Они расстались восхищенные друг другом и обещав видеться чаще прежнего.
Лиза — так буду называть ее, потому что я очень любил мою бедную хозяйку, — находила, вышивая вензель своего покойного мужа, что у Аграфова глаза прекрасные. Что касается до Аграфова, то он не скрывал от себя того факта, что моя хозяйка восхитительна с головы до ножки, и потому, возвратясь домой, наговорил своей жене тысячу милых приветствий.

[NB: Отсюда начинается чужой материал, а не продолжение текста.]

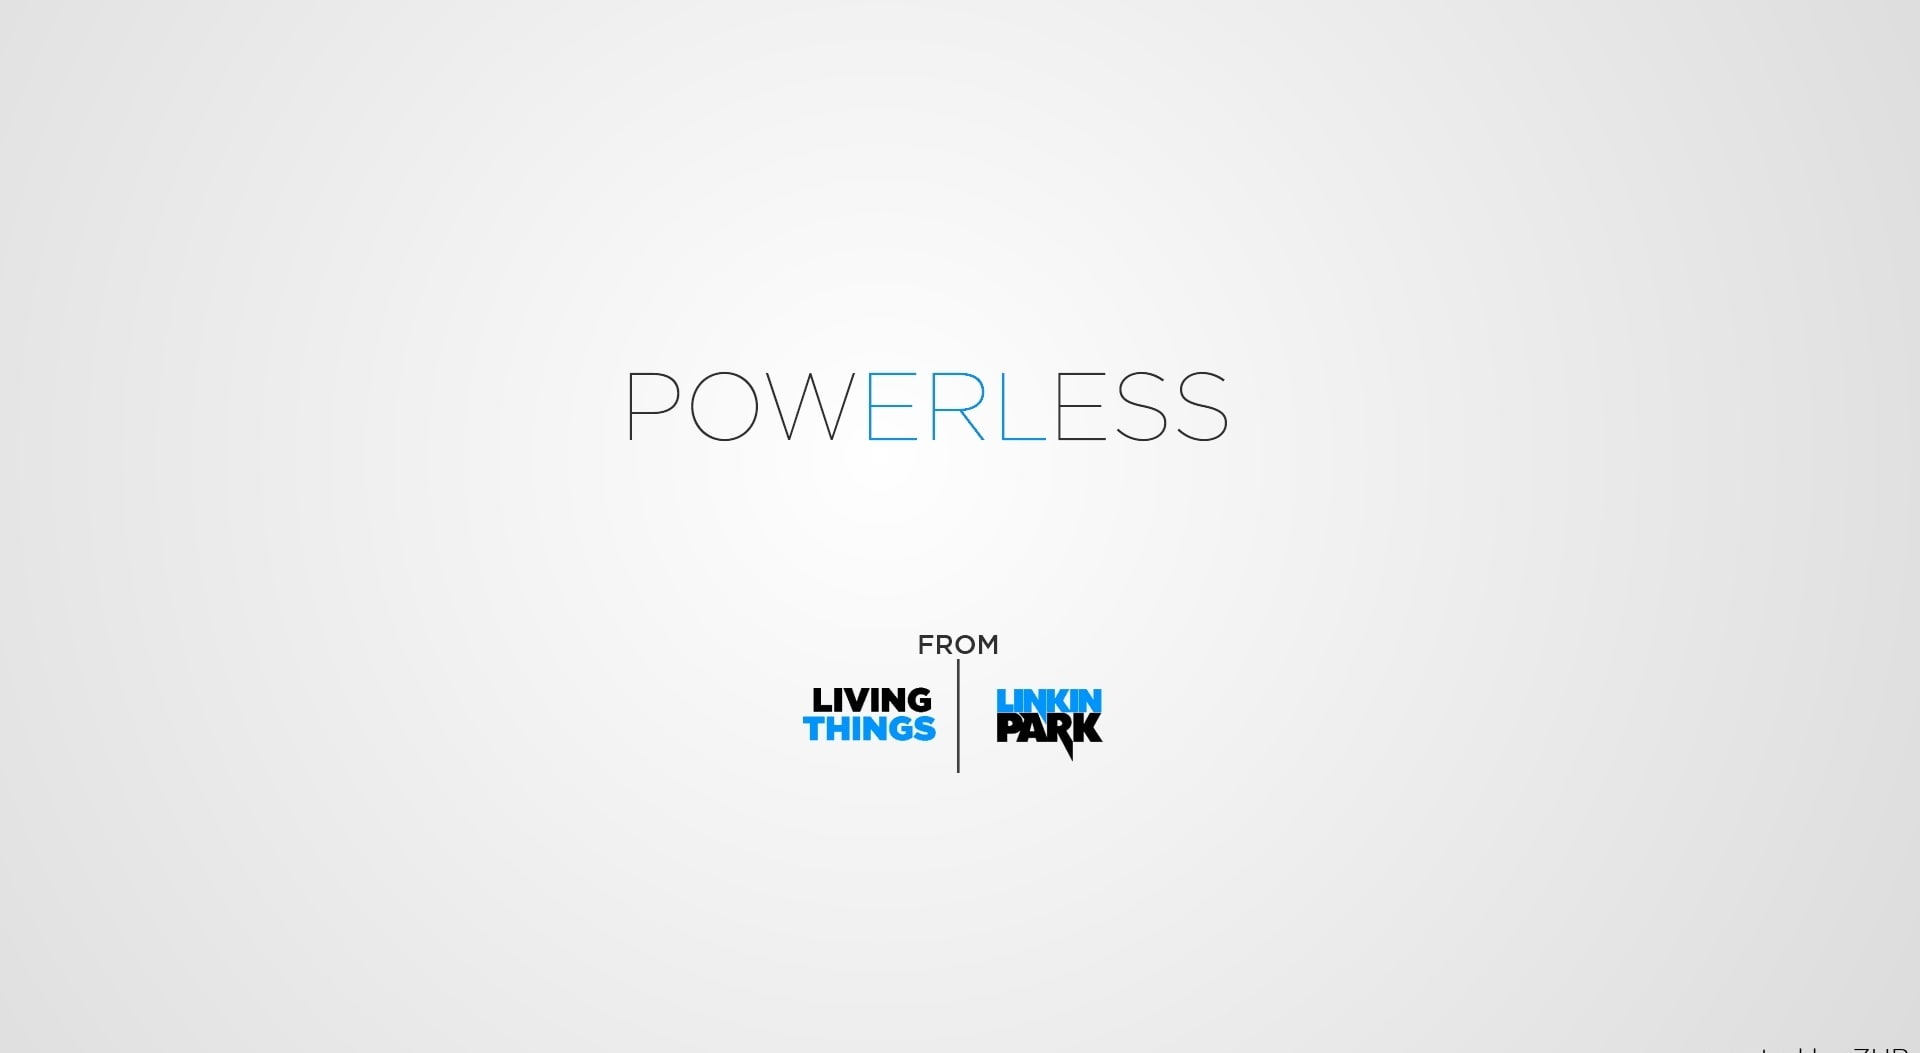 Powerless by Linkin Park, white background with text overlay
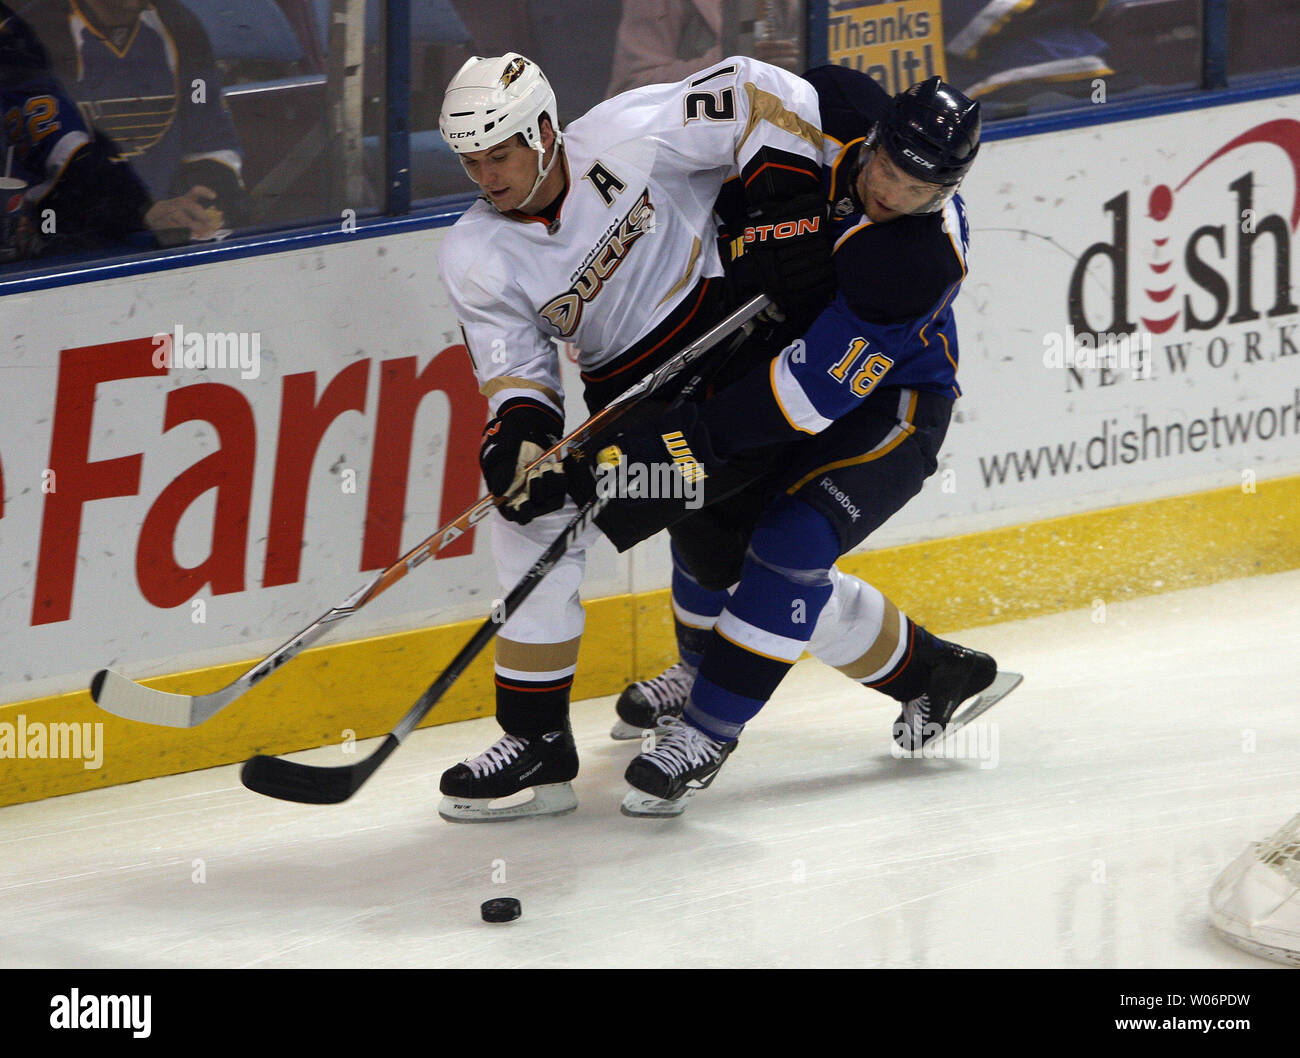 St. Louis Blues Jay McClement (18) and Anaheim Ducks Sheldon Brookbank battle for the puck in the first period at the Scottrade Center in St. Louis on April 9, 2010.   UPI/Bill Greenblatt Stock Photo

Аграфов был недурен собою, но я никогда не одобрял его носа; хорошо воспитан и еще довольно молод. Он с успехом занимался искусствами, особенно живописью, и я помню, что у него был отличный погреб, из которого я вытаскал пропасть бутылок старого вина и ликеров — за что, разумеется, невинно страдали лакеи. Этот человек не верил в домовых! И я любил его за это, хотя ненавидел за все прочее — право, не знаю за что — так! — за то, что он мне не нравился. Но Лиза решительно стала находить его очень любезным. По временам она содрогалась при этой мысли, которую считала преступною: тогда поспешно брала она книгу и читала скоро, чтобы забыть его. Прочитав несколько страниц, несчастная Лиза была уверена, что она совершенно к нему равнодушна.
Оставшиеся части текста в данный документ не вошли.